◆ **What is expected**
Only the lines from the one with "La Louvière: bientôt" to the end of the listing below should be set down, exactly as written and without any pictures.

◆ **Data**
========

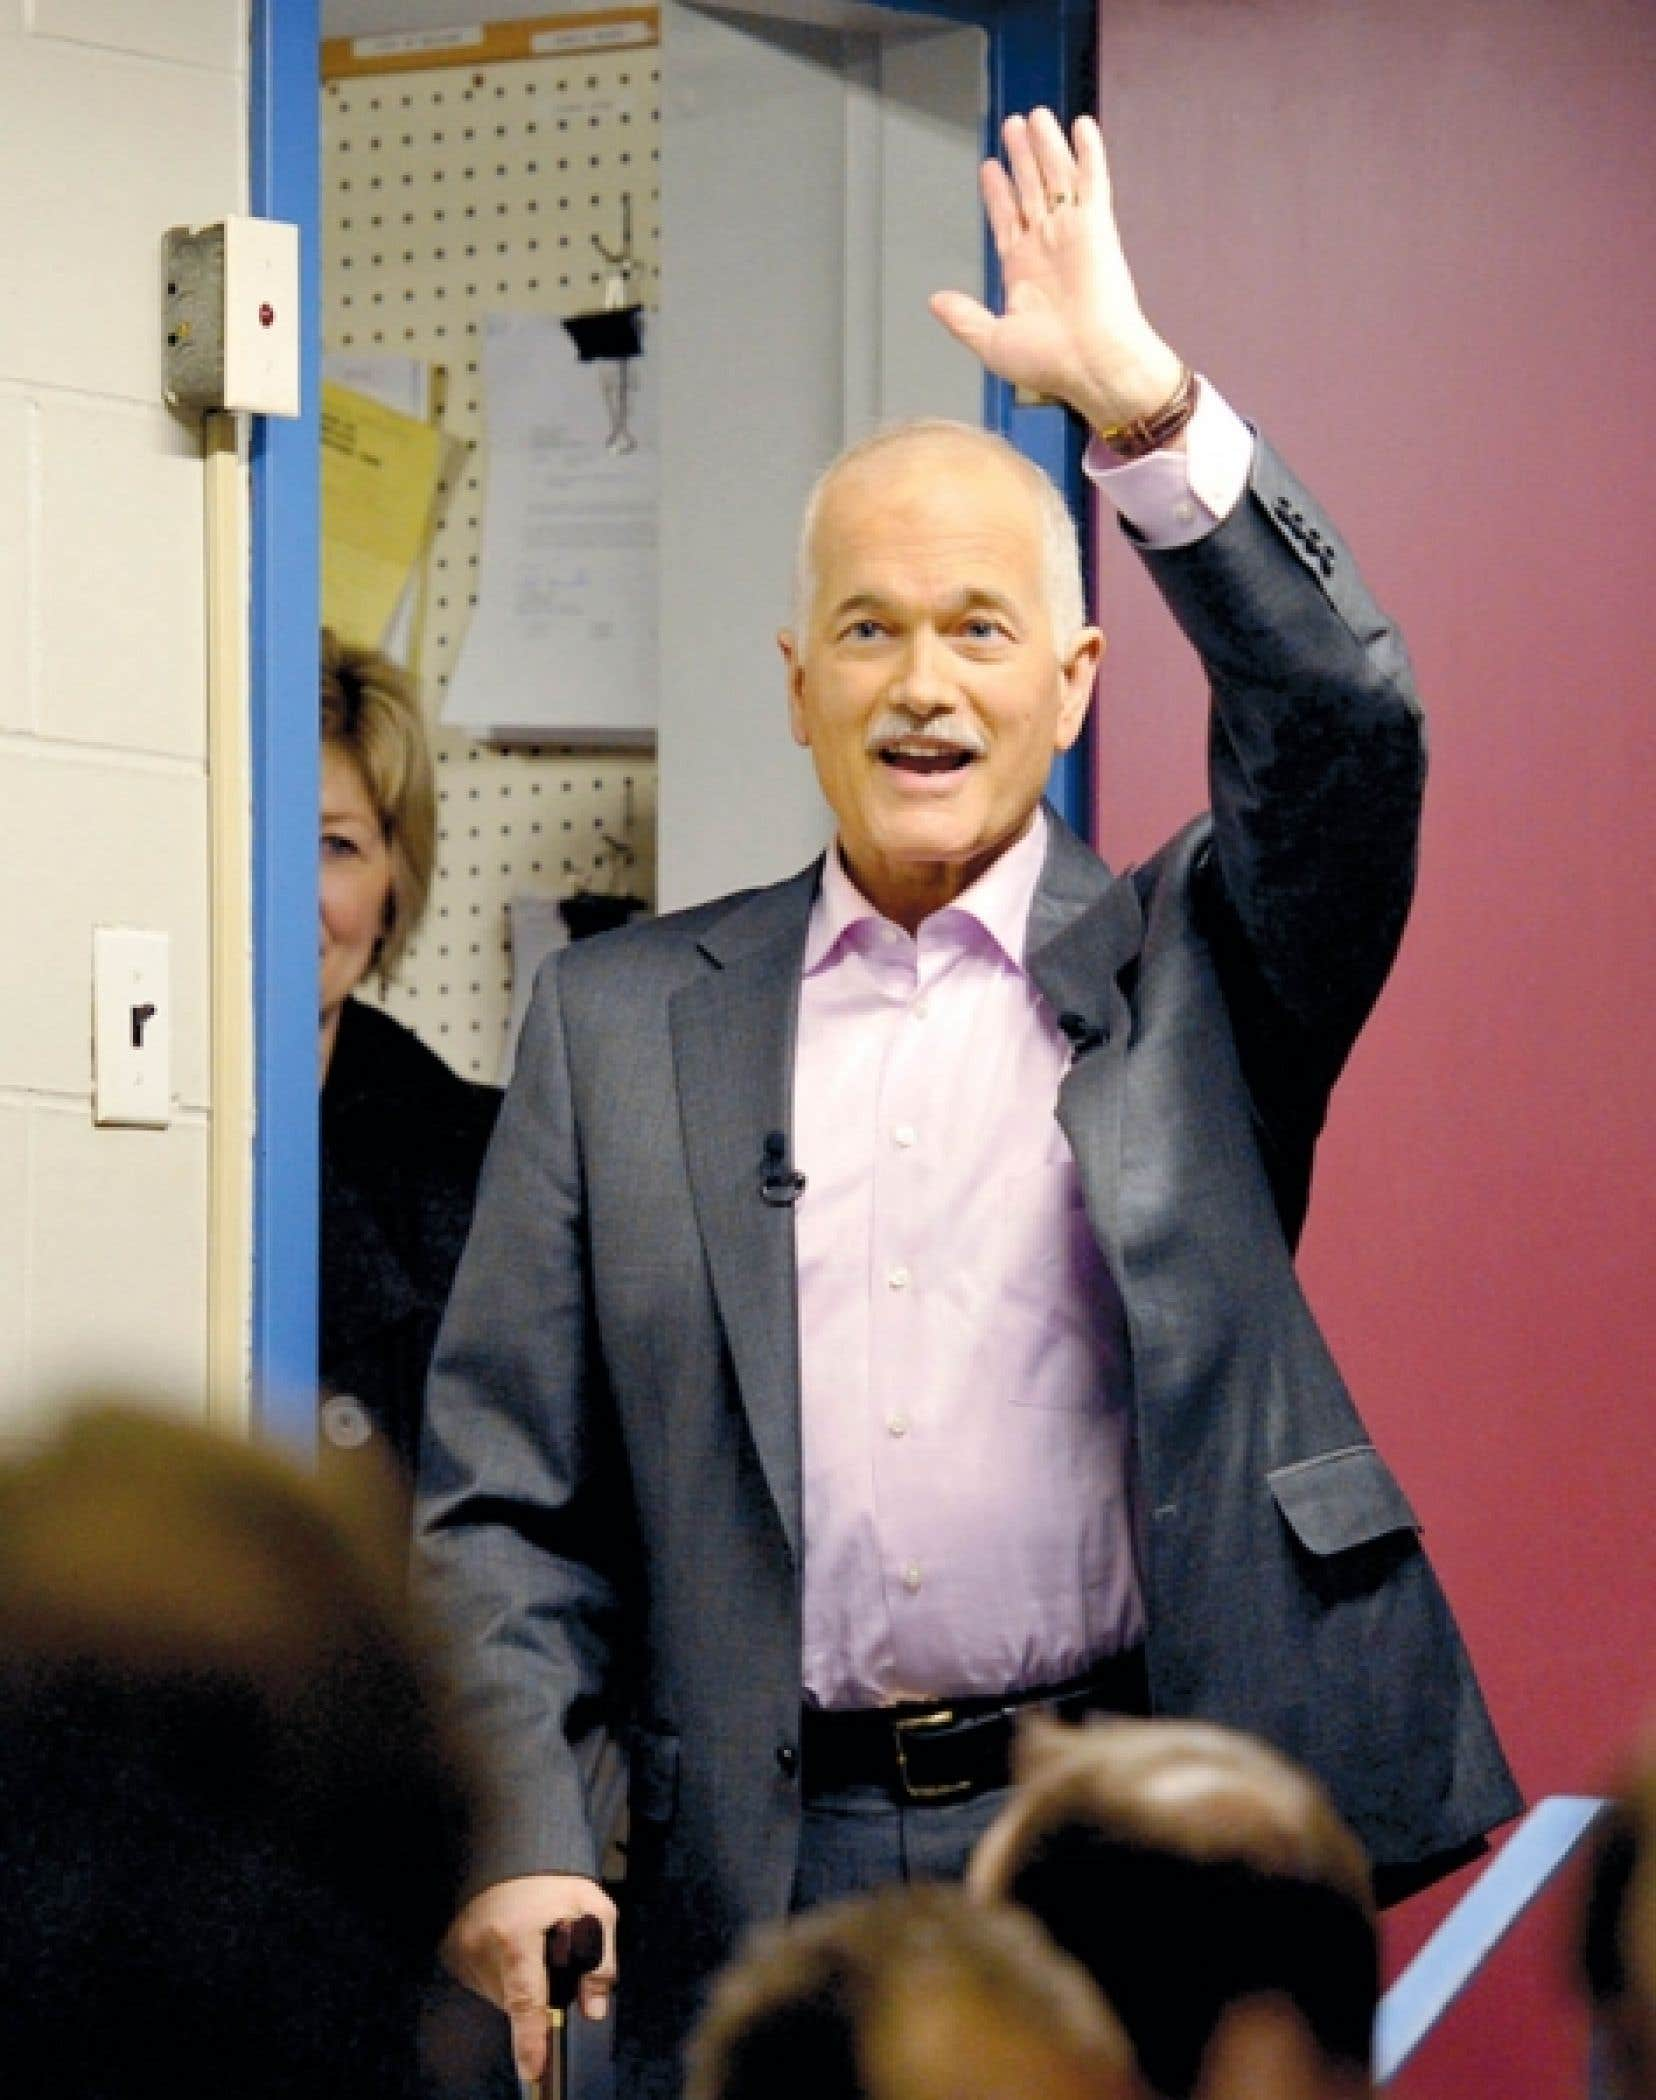 Outre ces deux circonscriptions, la montée du NPD risque donc davantage de gruger les appuis du Bloc québécois pour faire passer libéraux et conservateurs. <br />
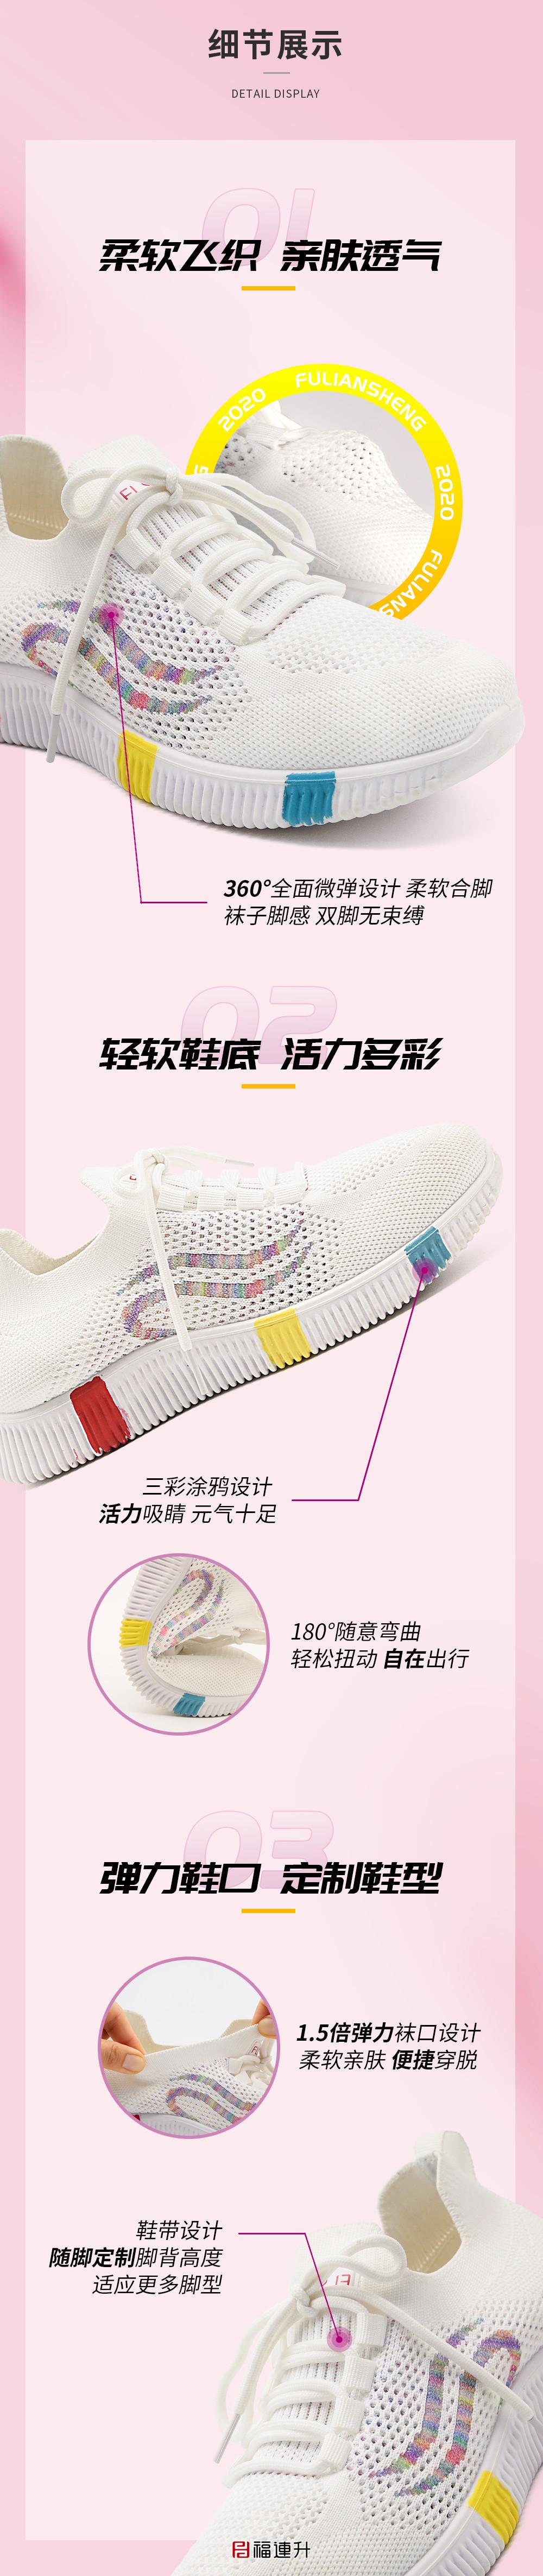 福连升老北京布鞋运动休闲超轻网眼透气夏款运动鞋图片
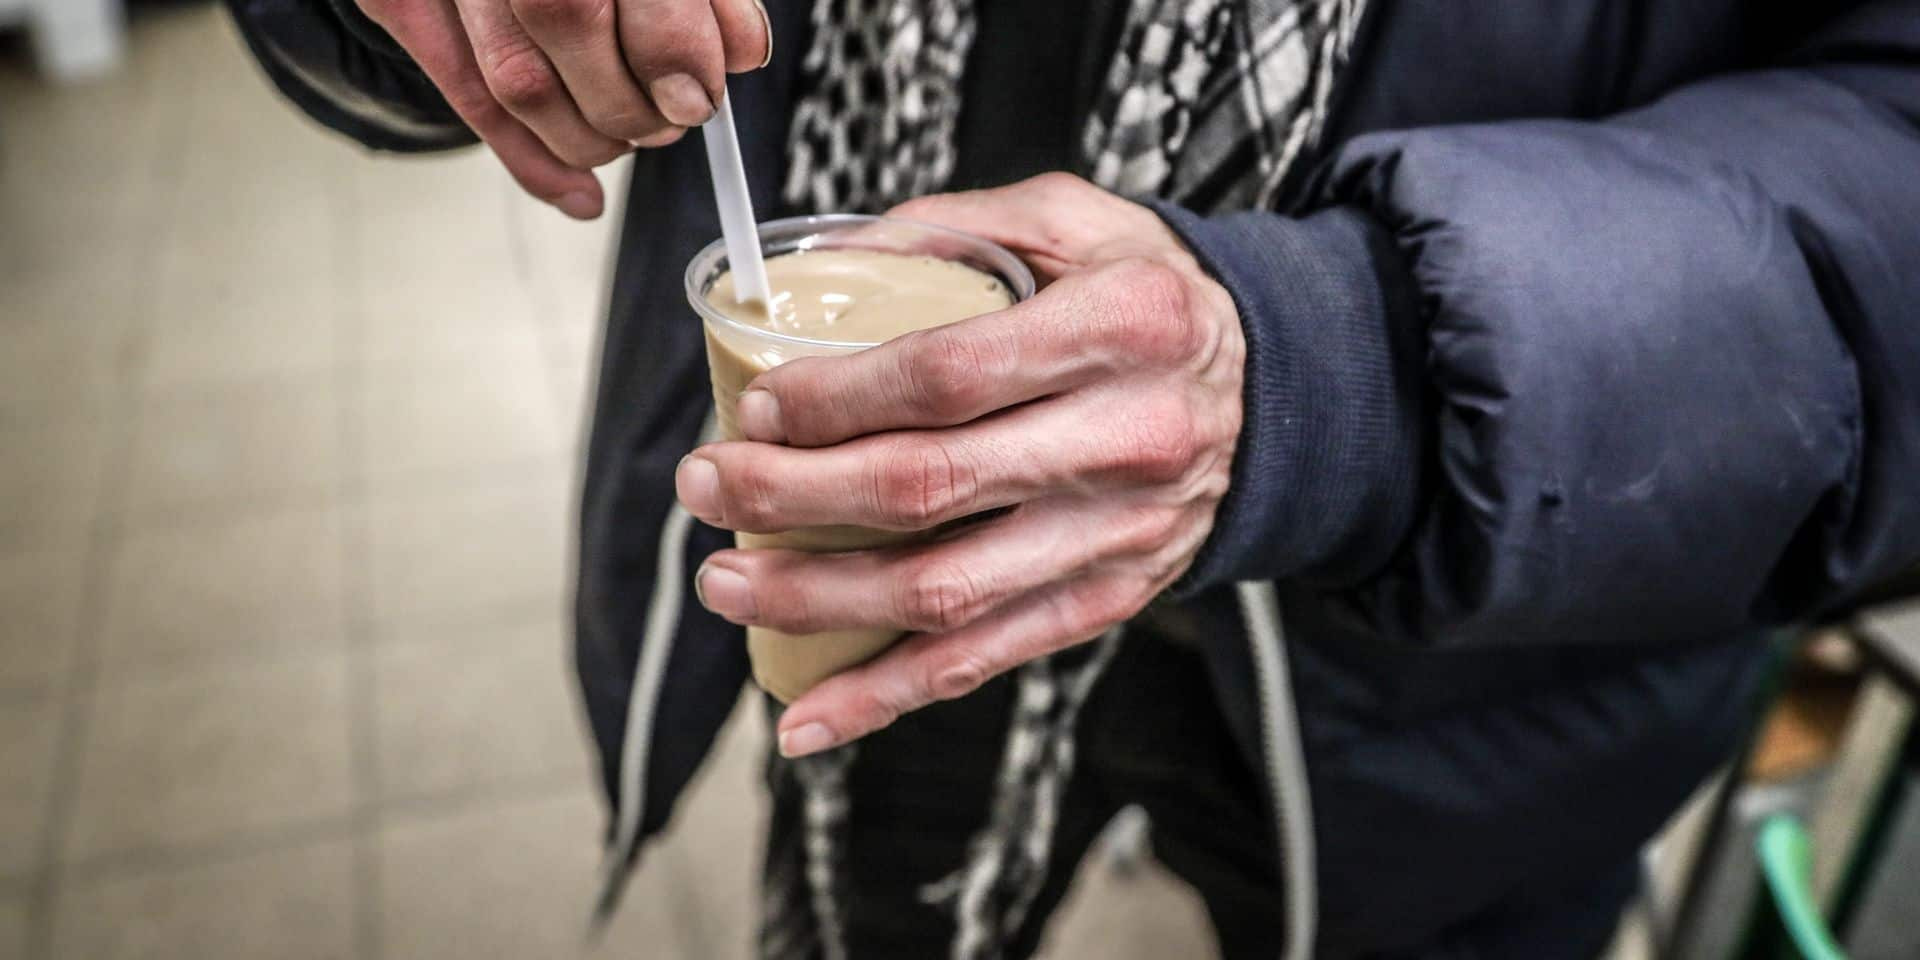 La Louvière: bientôt un abri de nuit plus grand pour les sans-abri
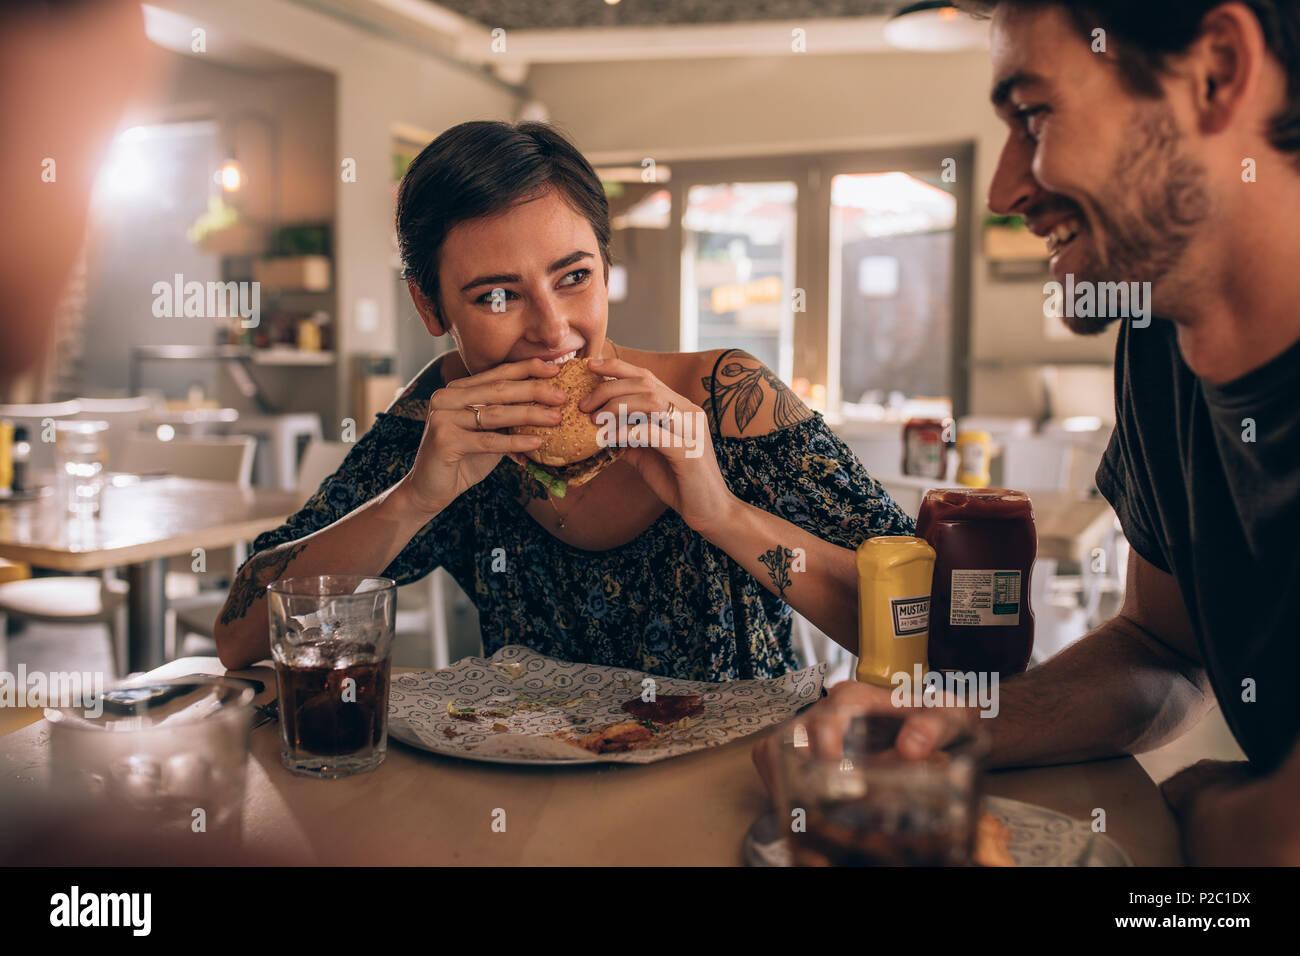 Junge Frau essen Burger beim Sitzen mit Freunden im Restaurant. Junge Leute plaudern und Burger essen im Cafe. Stockbild

========

◆ **Completed task**
 La Louvière: bientôt un abri de nuit plus grand pour les sans-abri
 Junge Frau essen Burger beim Sitzen mit Freunden im Restaurant. Junge Leute plaudern und Burger essen im Cafe. Stockbild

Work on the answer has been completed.